In such case, it has been repeatedly held that the proper determination of the issue does not depend upon the name given to the transaction by the parties nor upon the express terms of any contract between them, but upon the nature of the transaction, the legal effect of it as a whole, and the intention of the parties as evidenced thereby. Herryford v. Davis, 102 U. S. 235, 26 L. Ed. 160; Keystone Finance Corp. v. Krueger, 17 F.(2d) 904 (C. C. A. 3); In re Bettman-Johnson Co., 250 P. 657, 664 *12(C. C. A. 6); Le Sueur v. Manufacturers’ Finance Co., 285 F. 490 (C. C. A. 6); Vender Lei v. Blakely, 284 F. 516 (C. C. A. 6); Tennessee Finance Co. v. Thompson, 278 F. 597 (C. C. A. 6). Compare also Home Bond Co. V. McChesney, Trustee, 239 U. S. 568, 36 S. Ct. 170, 60 L. Ed. 444.

These questions of intent, purpose, possession, and the precise nature of the dealings between the parties are questions of fact, or, at best, mixed questions of law and fact, and the concurrent findings of referee and judge, or of master and judge, will not be set aside on appeal on anything less than a demonstration of plain mistake or error in applying the law. In re Maki, 18 F.(2d) 89 (C. C. A. 6); Bergougnan Rubber Corp. v. Bell, 8 F.(2d) 702 (C. C. A. 6); Grossberger v. B. F. Goodrich Rubber Co., 8 F.(2d) 964 (C. C. A. 6); Tennessee Finance Co. v. Thompson, supra, at page '600, and numerous other cases there cited. But we find no difficulty in arriving at the same conclusion as that reached by the District Court. The building in which the lumber was stored was leased and maintained by the bankrupt as his place of business. Practically all purchases and sales of lumber were made by the bankrupt in his own name. The lumber was in the custody and under the sole domination and control (that is to say, possession) of the bankrupt. Hyman was not engaged in the lumber trade as such, but in the financing of other enterprises. It is by no means the least significant of the features of the ease that, as to transactions subsequent to January, 1924, a fixed and definite compensation was to be paid to Hyman for financing purchases, viz. $5 per thousand feet of lumber handled, nor that all sums secured from the sale of lumber in excess of such compensation were to be credited to the bankrupt upon past or future indebtedness. Finding himself heavily involved in January, 1924, the plan was quite manifestly devised to decrease the total of such indebtedness while retaining current and future purchases of lumber as security not only for contemporaneously created indebtedness, but, ta the extent of any surplus profits, also for past indebtedness. We see no escape from the position that the appellant either became a partner, engaged in a joint enterprise with the bankrupt, after January, 1924, or that the interest which he secured in the stock of the bankrupt was intended to be and was solely in the nature of security. The first of these positions is denied; the second seems to us manifest.

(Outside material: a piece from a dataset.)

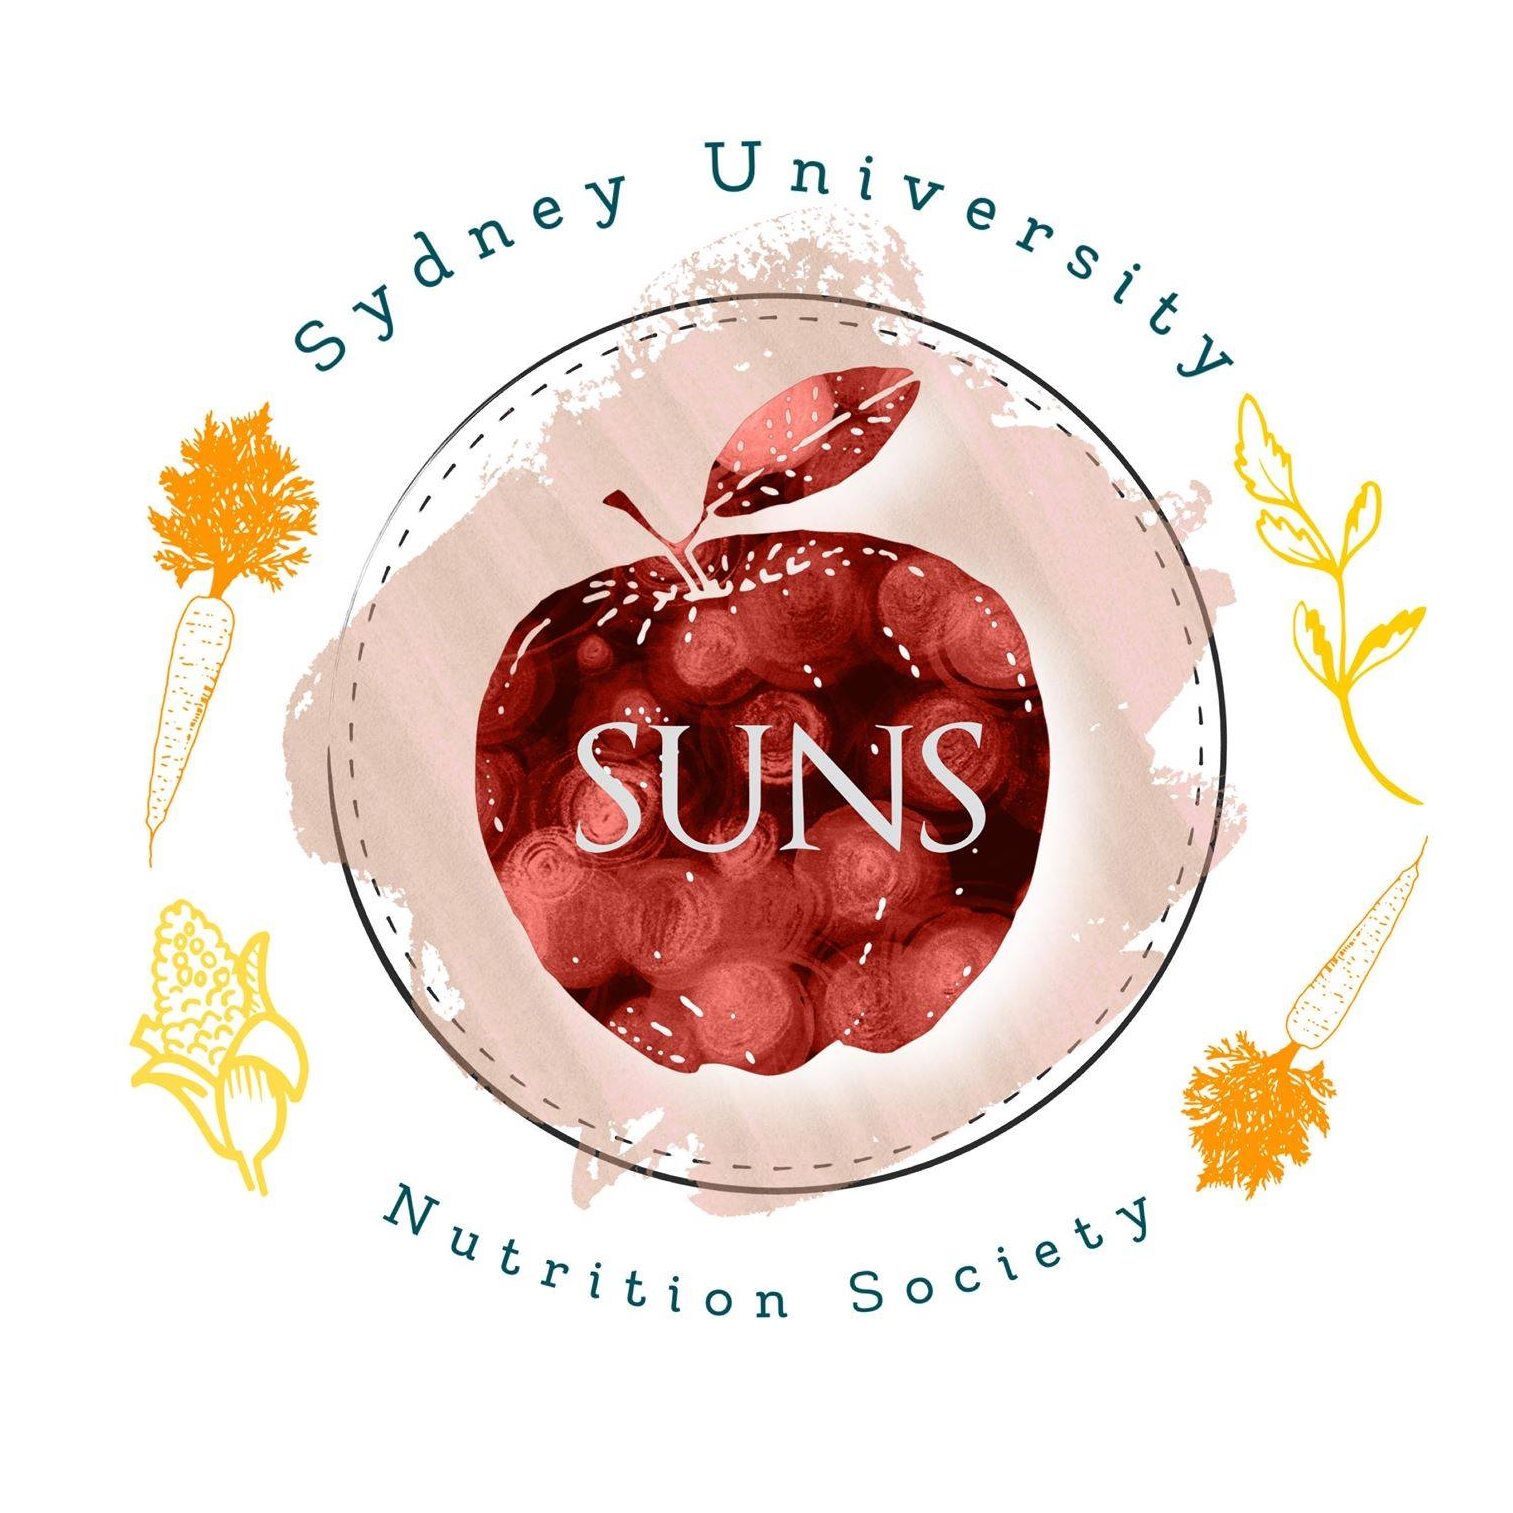 Sydney University Nutrition Society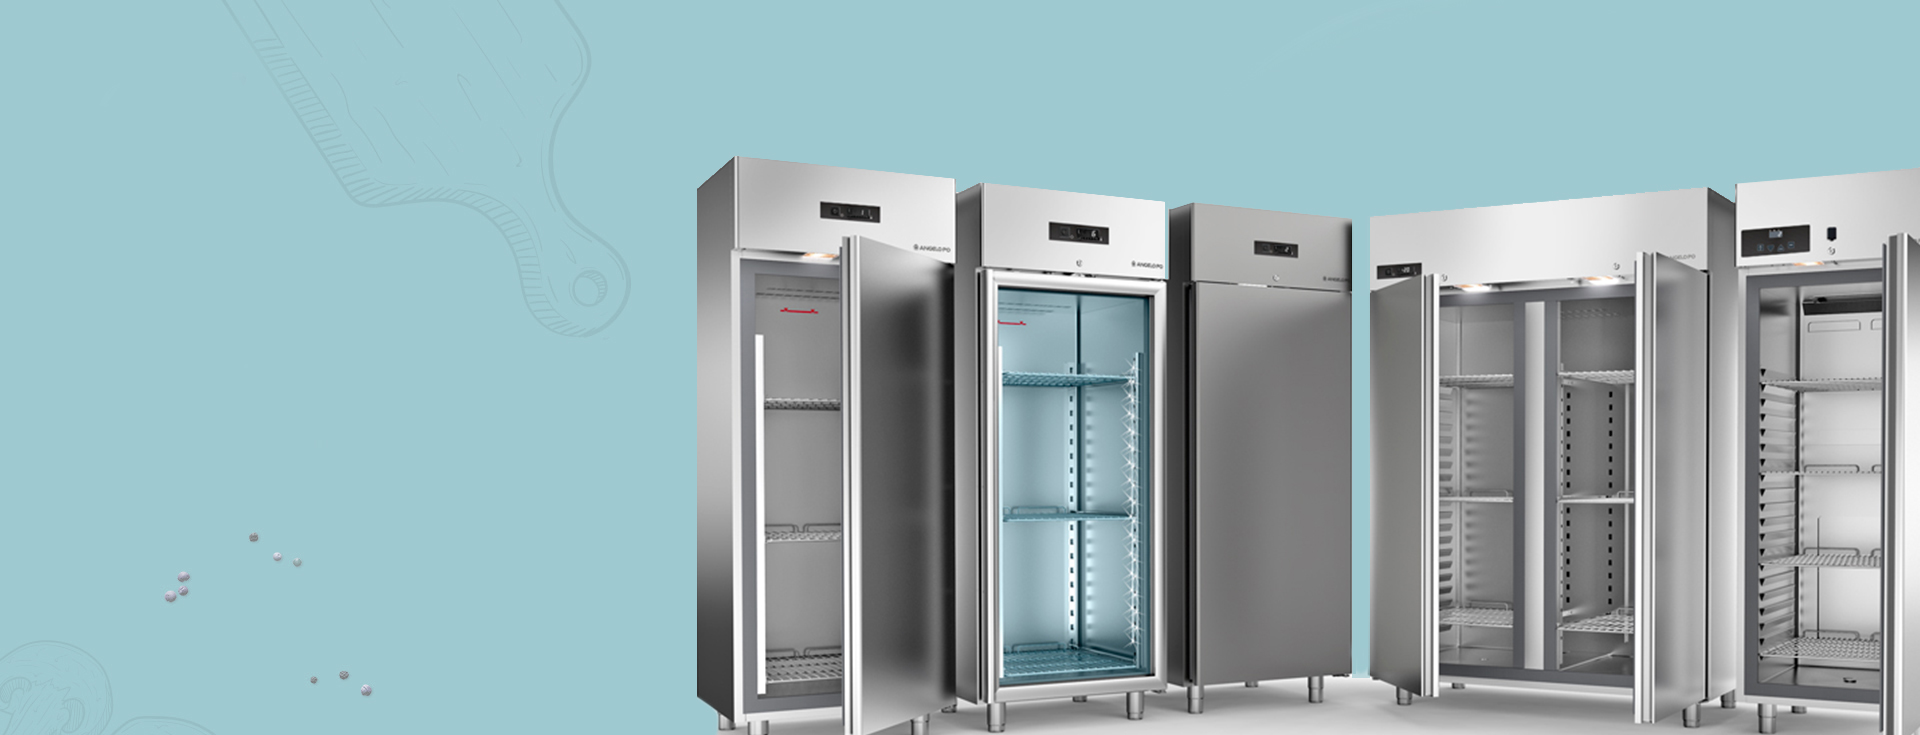 Armadi frigoriferi professionali, basi refrigerate e abbattitori | CRV Sistemi a Nanto Vicenza

The situation is in no way changed by .the fact that, some time prior to bankruptcy, cards or notices were placed upon the lumber to the effect that such lumber was the property of the Capital Investment Company. As was so tersely stated by Judge Warrington in Cincinnati Equipment Co. v. Degnan (C. C. A.) 184 F. 834, 845: “The claim really means that the will of the lessor” (Hyman) “may be substituted for that expressed by the lawmaking power itself. No decision is cited in support of the claim.” The bills of sale having been given for the purpose of securing the appellant, and possession of the lumber having been surrendered to the bankrupt, and the concurrent finding of the master and the District Court having been that the cards or notices of ownership were affixed to the lumber “in an indefinite and irregular manner, apparently without any effort to maintain the notices upon the lumber or. to notify third parties of the ownership of the same,” we are constrained to hold that such notices could not. make effective an agreement or contract expressly declared null and void as to existing and subsequent creditors by the statutes of Tennessee. Whether in case of a bona fide sale such placarding would be .sufficient appropriation of the goods to the sale to justify considering it as executed under the Tennessee law, we need not here determine.

The judgment of the District Court is affirmed.